Records for this task:
--------------------------------------------------

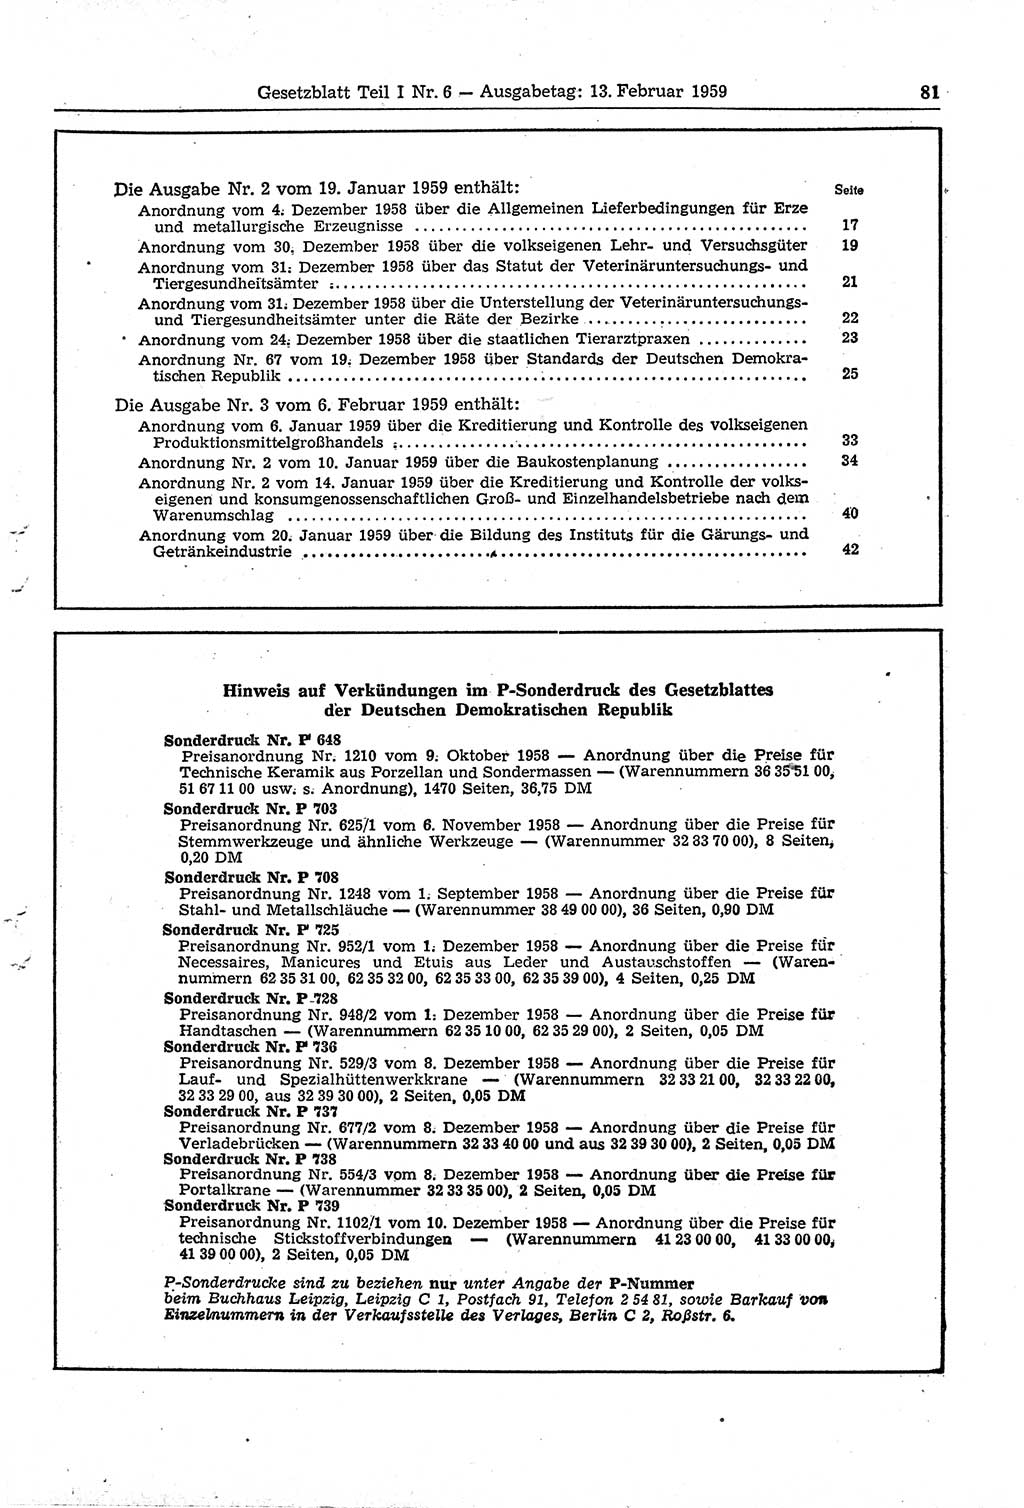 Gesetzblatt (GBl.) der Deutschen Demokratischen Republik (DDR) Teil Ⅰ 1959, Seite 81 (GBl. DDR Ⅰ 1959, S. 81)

--------------------------------------------------

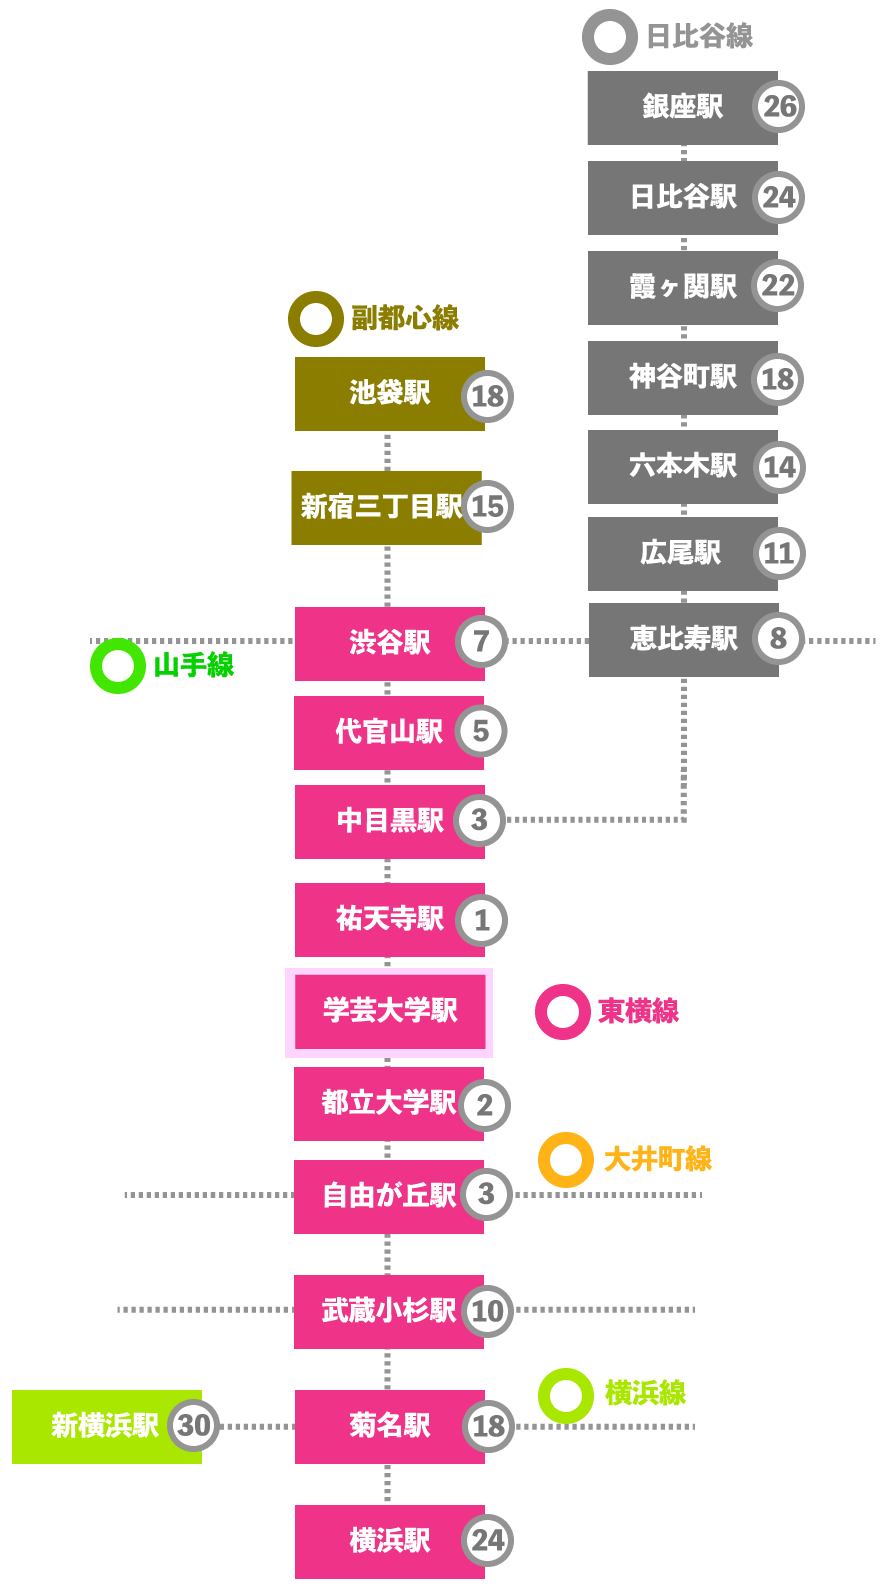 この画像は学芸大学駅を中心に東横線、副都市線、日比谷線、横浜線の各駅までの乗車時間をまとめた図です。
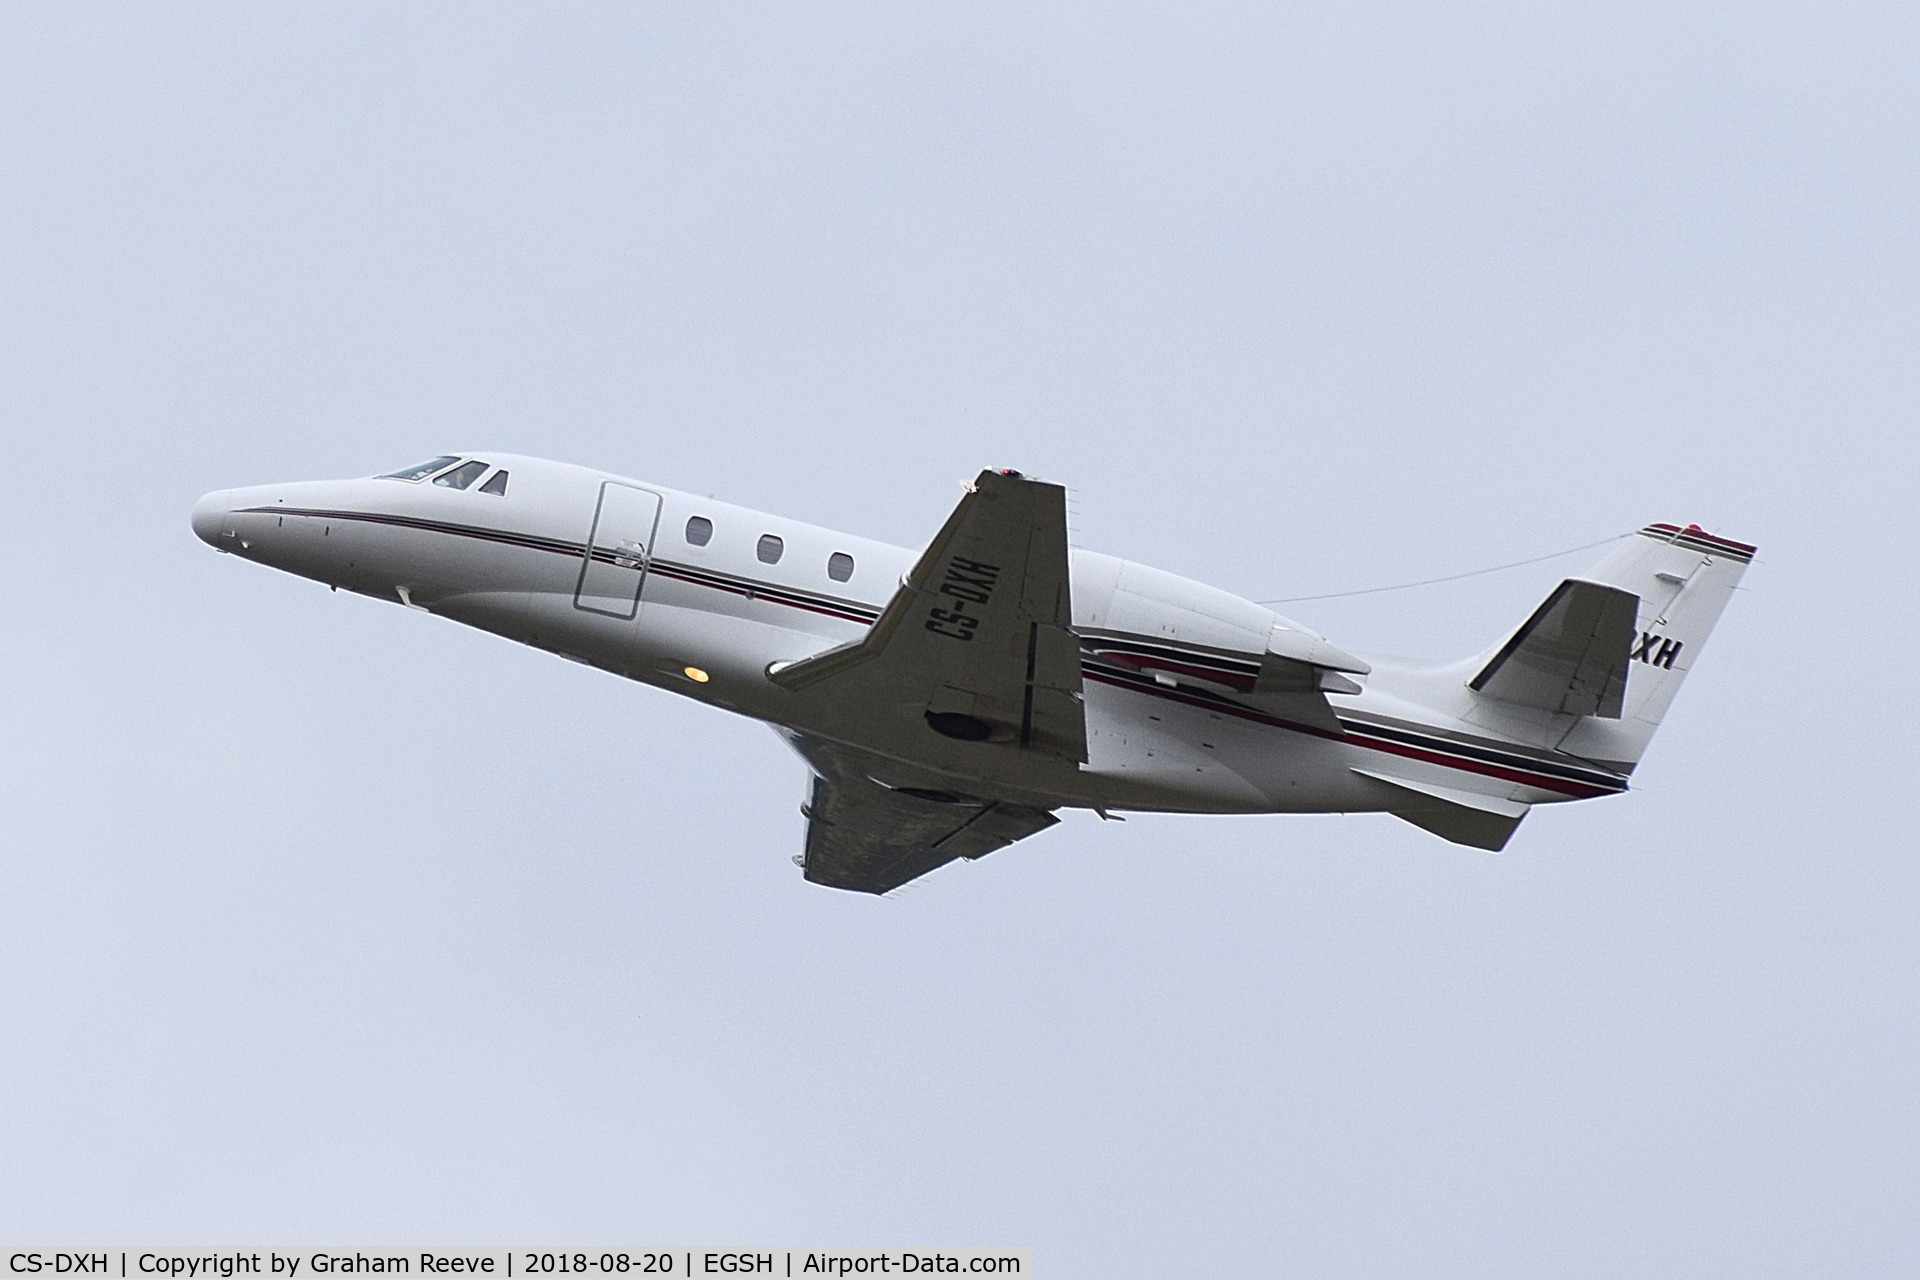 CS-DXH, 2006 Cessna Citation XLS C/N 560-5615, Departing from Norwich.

--------------------------------------------------

Assignment: Print nothing but the lines above starting with the line that contains "この画像は学芸大学駅を中心に" and going on through the line that contains "CS-DXH, 2006 Cessna". Leave out the pictures.

Task answer:
 この画像は学芸大学駅を中心に東横線、副都市線、日比谷線、横浜線の各駅までの乗車時間をまとめた図です。
 CS-DXH, 2006 Cessna Citation XLS C/N 560-5615, Departing from Norwich.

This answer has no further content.